Walking into the kitchen after work one evening, I headed for the sink to fill up the kettle. What I saw on top of the kitchen unit caught my interest, though: it looked like a sheet of typed A4 paper. Curiously, I picked it up and scanned its contents—and nearly dropped it, so great was my surprise.

This wasn’t just any old piece of paper. This was a death certificate—the death certificate of a man who had, until fairly recently, owned the Cage.

To make matters worse, he had died in here, taking his own life by hanging himself from a beam at the top of the staircase a year before Nicole and I had moved in.

I hadn’t known the poor man personally, but my heart went out to him. Suicide is always a tragic thing, and I felt nothing but sympathy for whatever torment and suffering had pushed him to such desperate lengths. While I had known about the man’s death before I had purchased the Cage (word gets around in a village as small as St Osyth), I hadn’t let it influence my decision on whether or not to buy the place. After all, he and I hadn’t known each other or had any kind of personal connection.

Yet now, reading the contents of his death certificate line by line, it suddenly did seem personal to me. It revealed such details as the exact date of his death and the specific manner of his death. What really felt peculiar, however, was the fact that Nicole and I had been living in the Cage for several weeks now, and knew pretty much where everything was. So how was it that the death certificate had suddenly turned up on top of the kitchen unit after all this time—a year after the poor man’s death?

I examined the document a little more closely. It was in pristine condition; there wasn’t a fold, crease, or a mark anywhere on it. The death certificate couldn’t have looked any fresher if it had just emerged from a laser printer. To tell you the truth, I found it more than a little unnerving. My brain was searching for a logical explanation and grasped at the first unlikely straw it found: perhaps Nicole had found it somewhere inside the Cage and had left it out for me to read. But wouldn’t she have left me a note, explaining just that?

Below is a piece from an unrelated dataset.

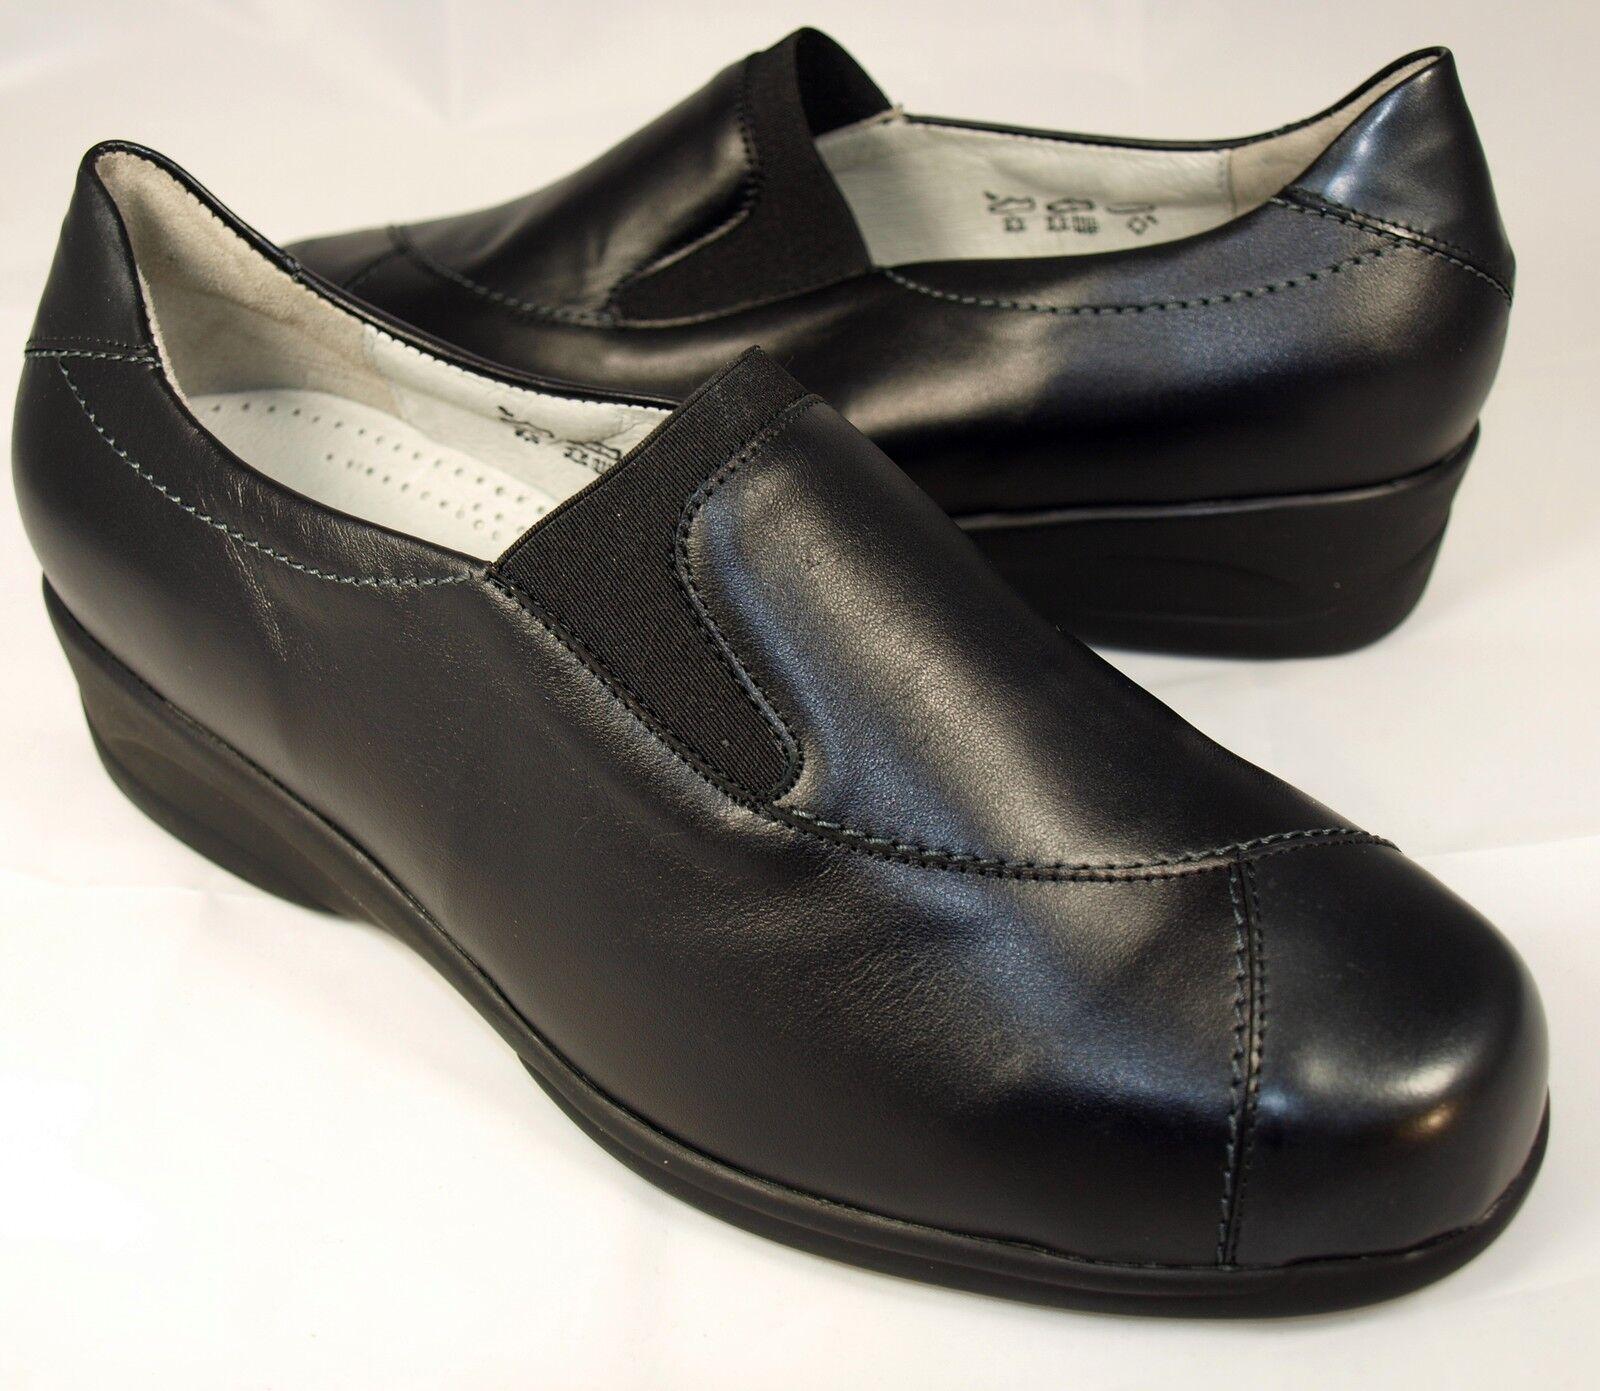 Details zu Sonderangebot Waldläufer Schuhe Slipper Damen Leder Weite K schwarz Neu 1263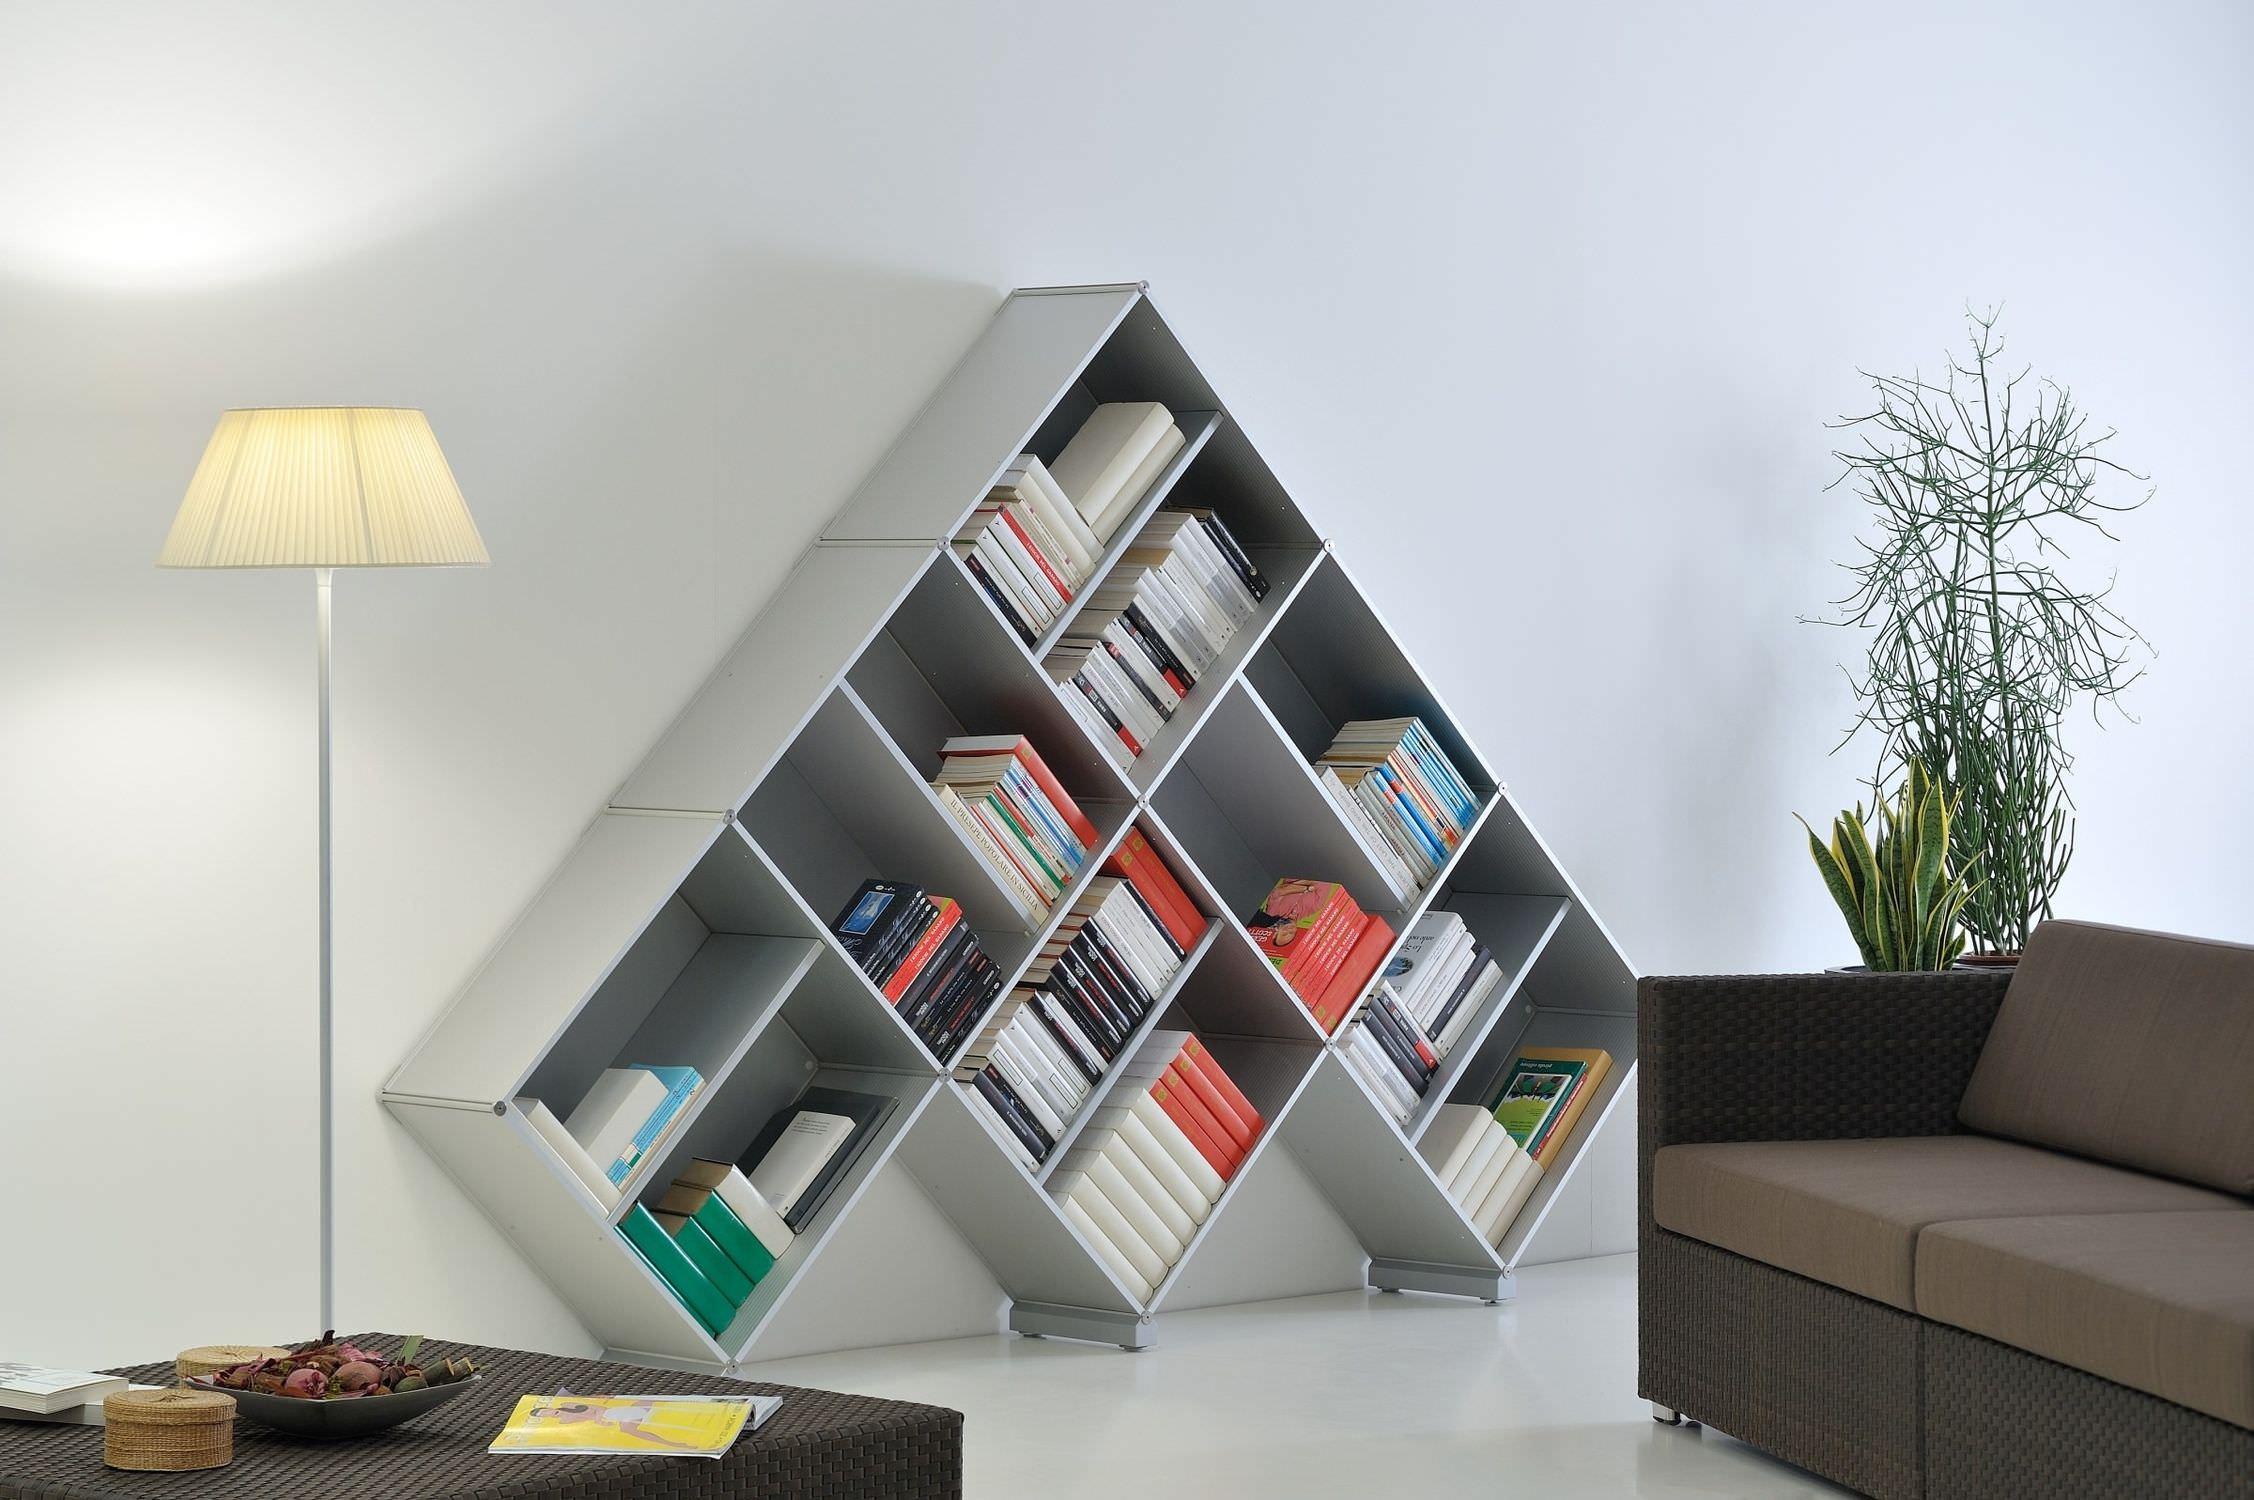 Biblioteca De Dise O Original De Metal Pyramid_03 Fitting # Muebles Novedosos

An hour later I got my answer when she walked through the door and came into the kitchen. She took the death certificate from me, scanned it, and shook her head. No, Nicole told me, she had never seen it before in her life. To make matters even more complicated, I had purchased the Cage from a couple who had, in turn, bought it from the widow of the deceased. What were the odds that the death certificate had been inside the house ever since then, and that all of us had failed to spot it?

That was when we both started to get scared. The only other explanation we could come up with was that somebody was trying to frighten or intimidate us, which meant that they must have broken in. Together we searched the Cage from top to bottom, checking every door and window. They were all secure and undamaged; we found no signs of a break-in at all.

Not really expecting to find anything out, I showed the death certificate to a few of the locals that I knew. None of them had any explanation either. Although I kept my suspicions to myself, I began to suspect that this might be a message or a sign of some sort, possibly from the deceased owner himself. Was he trying to tell me that he was still there in the Cage?

The man’s wife had understandably sold the Cage as soon as she could and moved out, relieved to be rid of the place and its unhappy association with the death of her husband. What she said she couldn’t understand, I was to learn years later, was why “some people were claiming that my husband’s death certificate was found in the Cage? Only one copy of it was ever made, and the coroner sent that directly to me.”

I have no reason to disbelieve her, but as far as I’m concerned, that only deepens the mystery. If the single copy was sent to the man’s widow, how could one have possibly turned up in the kitchen inside the Cage? To this day I don’t have an answer. But I will tell you this … it was definitely a sign of things to come.